Sie sind bereits Kunde?

Der Zugang zu einer medizinischen Versorgung ist ein Menschenrecht, in dessen Genuss im reichen Luxemburg aber noch lange nicht jeder kommt. 2023 mussten 1.193 Personen auf medizinische Hilfe der „Médecins du Monde Luxembourg“ (MdM) zurückgreifen. Am Mittwoch stellte die Hilfsorganisation ihren Aktivitätsbericht 2023 vor. Dieser spiegelt vor allem die steigende Armut hierzulande wider.

Die Zahlen steigen seit 2015 kontinuierlich (mit Ausnahme des Lockdown-Jahres 2020). Neben den 1.193 Patienten, wurden insgesamt 3.255 Beratungen gezählt. Der Unterschied liegt darin, dass den meisten Hilfsbedürftigen auf medizinischem Plan schnell geholfen werden kann, wie z.B. mit „einem Nasenspray“, wie Sekretär Ralph Hanck es ausdrückt.

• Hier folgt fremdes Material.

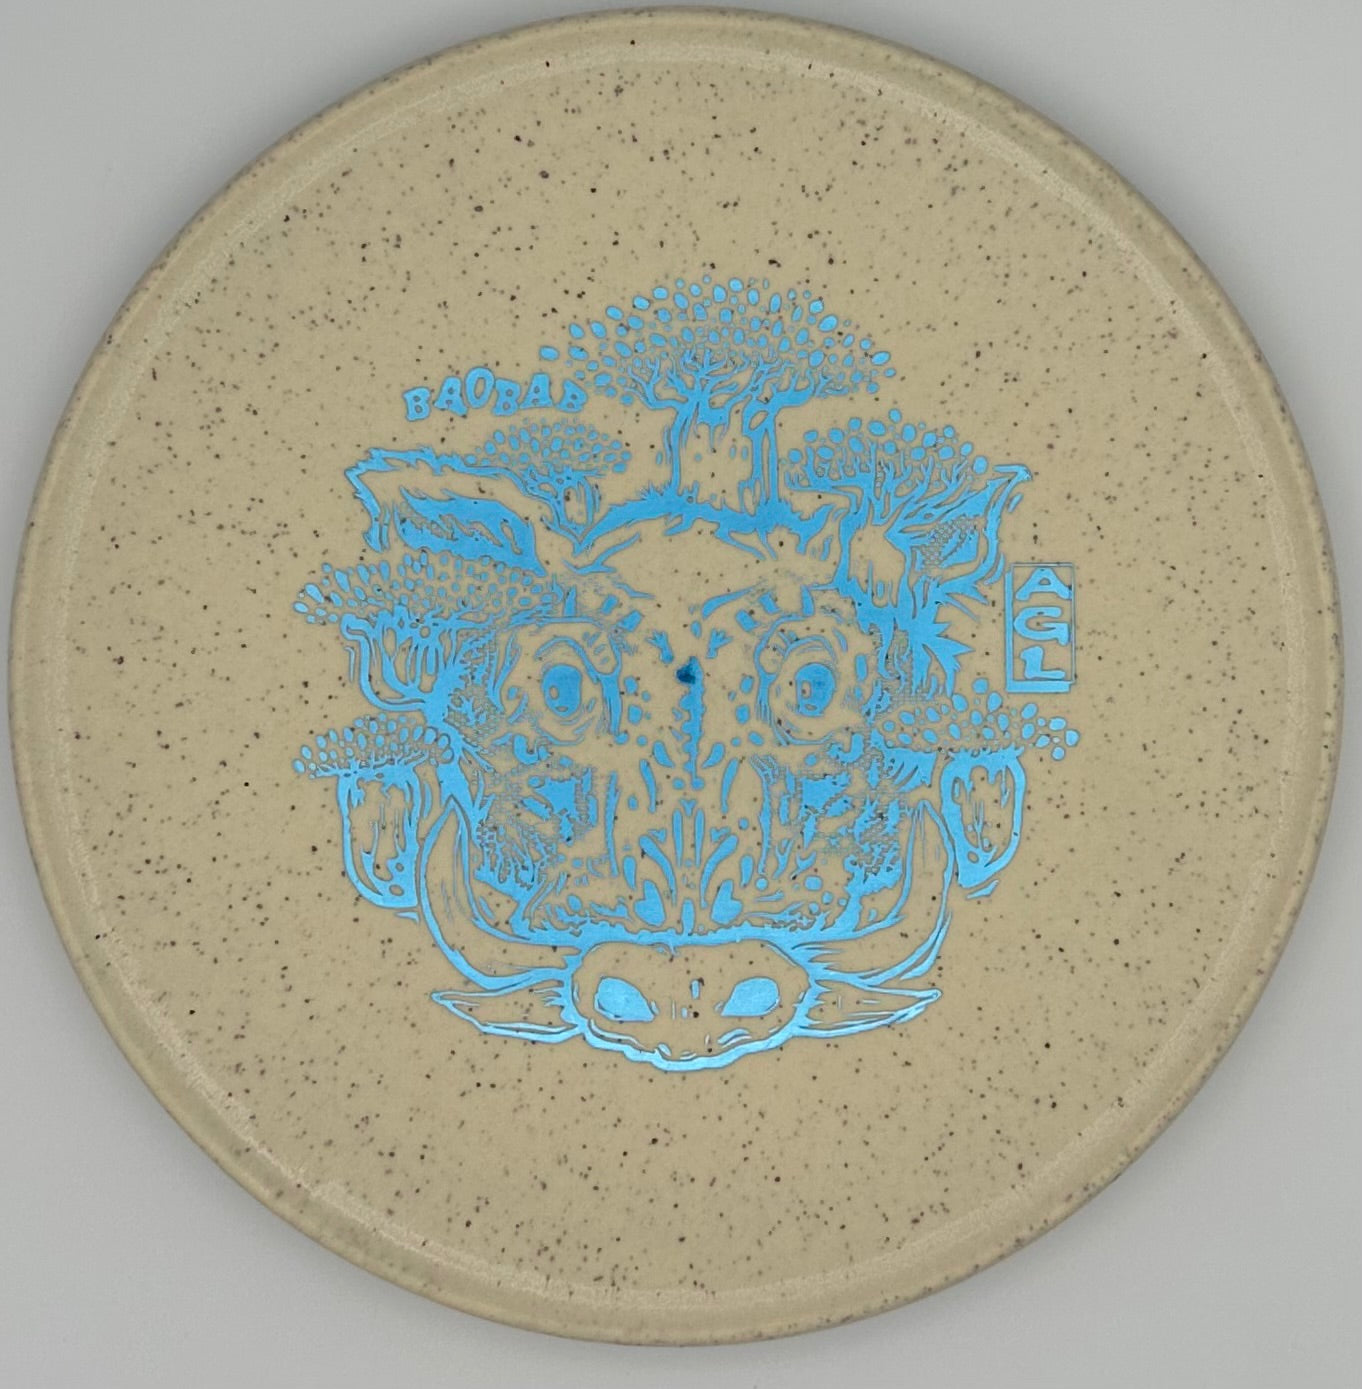 AGL Discs - Cookies and Cream Woodland Hemp Baobab (Warthog Stamp)

„Sehr oft versteckt sich aber hinter einem einfachen Schnupfen eine große soziale Armut“, fügt Präsident Dr. Bernard Thill hinzu. Er habe sich manchmal gefragt, was er als Arzt eigentlich in der Organisation soll, es würden vor allem Sozialarbeiter benötigt. Es sei vor allem die soziale Misere, die den Leuten zu schaffen mache.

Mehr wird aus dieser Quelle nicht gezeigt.